Researchers Are Using Facial Recognition Software To Save Lions
Software algorithms offer a non-invasive way to track the big cats
Algorithms that can pick a face out of a crowd aren’t just useful for tagging Facebook photos or aiding law enforcement. One conservation group has specially designed facial recognition software to help them distinguish one lion from another on the savanna, reports Millie Kerr for Scientific American.
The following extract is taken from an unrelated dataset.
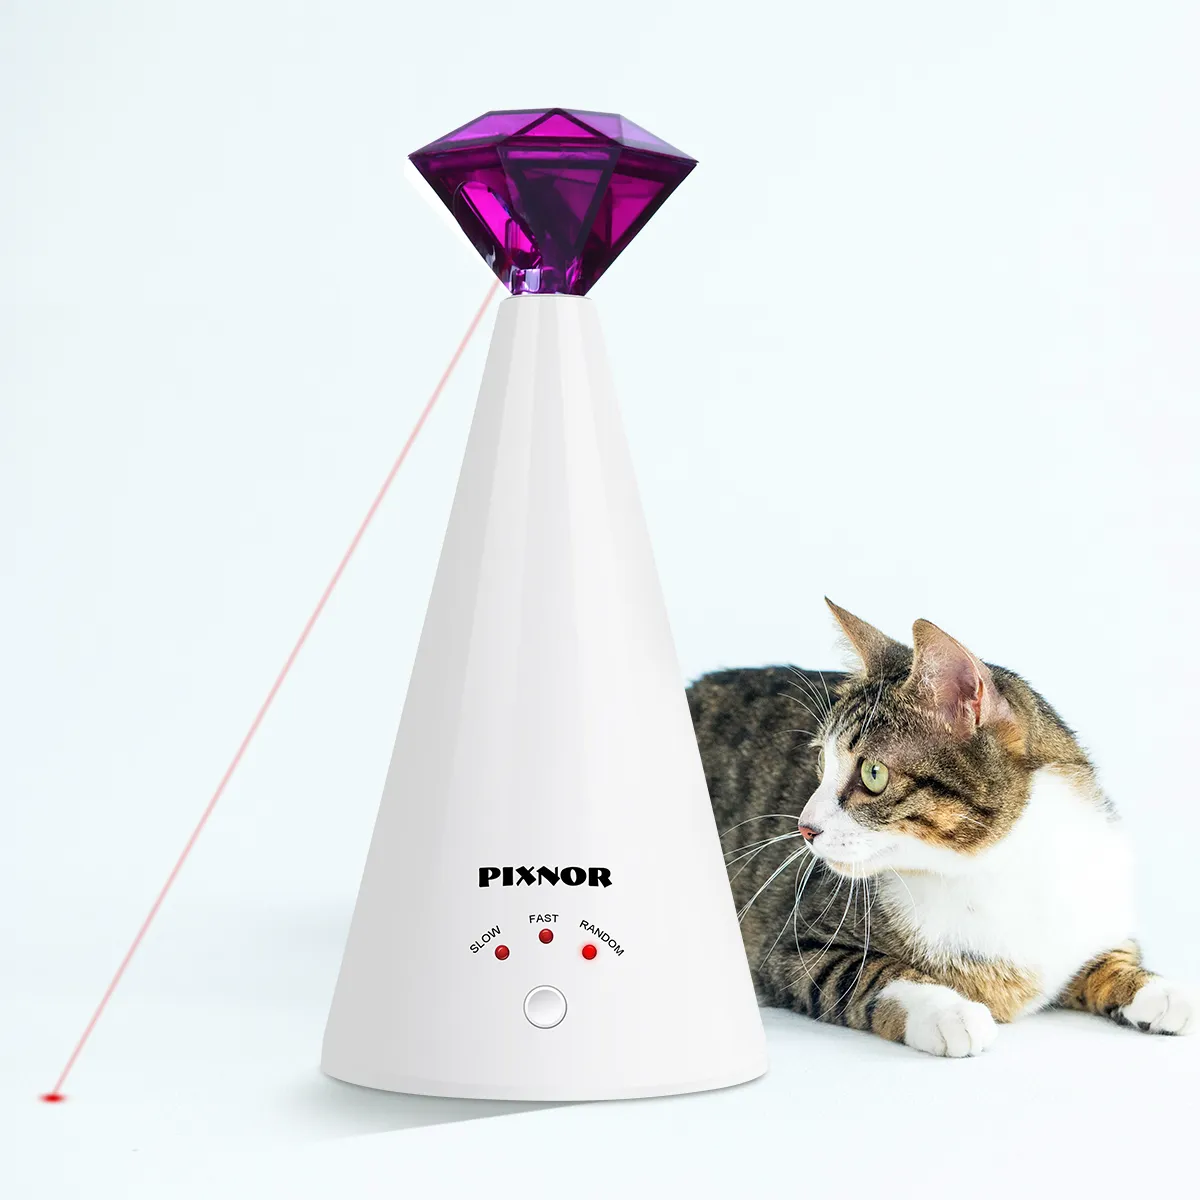 Pixnor Smart Laser Tafice Device Electric Toy Home Interactive Cat Réglable 3 VIXEURS PEAU POINTER PURPLE 2011122953717

Lion Guardians, a Kenya-based group, started using a database called Lion Identification Network of Collaborators (LINC) in June. LINC uses facial recognition to track individual lions. Kerr explains:
With LINC, the conservation organization and other wildlife researchers will have an easier way to monitor the beasts' whereabouts. Their movements throughout Africa are poorly understood, and tracking efforts come with a host of difficulties: GPS transmitters are expensive, run out of batteries every one to three years, and can be fitted only when an animal is sedated. In addition, unlike leopards, cheetahs and tigers—whose spots and stripes make identification fairly easy—adult lions lack recognizable coat patterns.
The group plans to use the database to help track the big cats’ movements and better understand how they find mates, prey and water. In turn, that understanding should lead to more targeted conservation efforts.
LINC isn’t the only facial recognition tool now aiding conservation efforts. Even though tigers can be identified by their stripes, Bengal tiger populations are being monitored in part with the aid of a facial recognition system that looks through photos from camera traps. Another software program can recognize the faces of wild chimps.
Scientists are even using similar computational approaches to recognize markings that aren’t faces. John Platt writes for Scientific American that researchers use software designed for facial recognition to track penguins off the coast of South Africa. That effort keys in on patterns on the penguins’ chests and bellies, rather than their faces. And another group of researchers are reading the patterns of speckles on eggs to understand the effect of brood parasites — cuckoos that lay their eggs in another bird’s nest.
Fortunately, this use of facial recognition technology isn’t likely to impinge on lion privacy rights.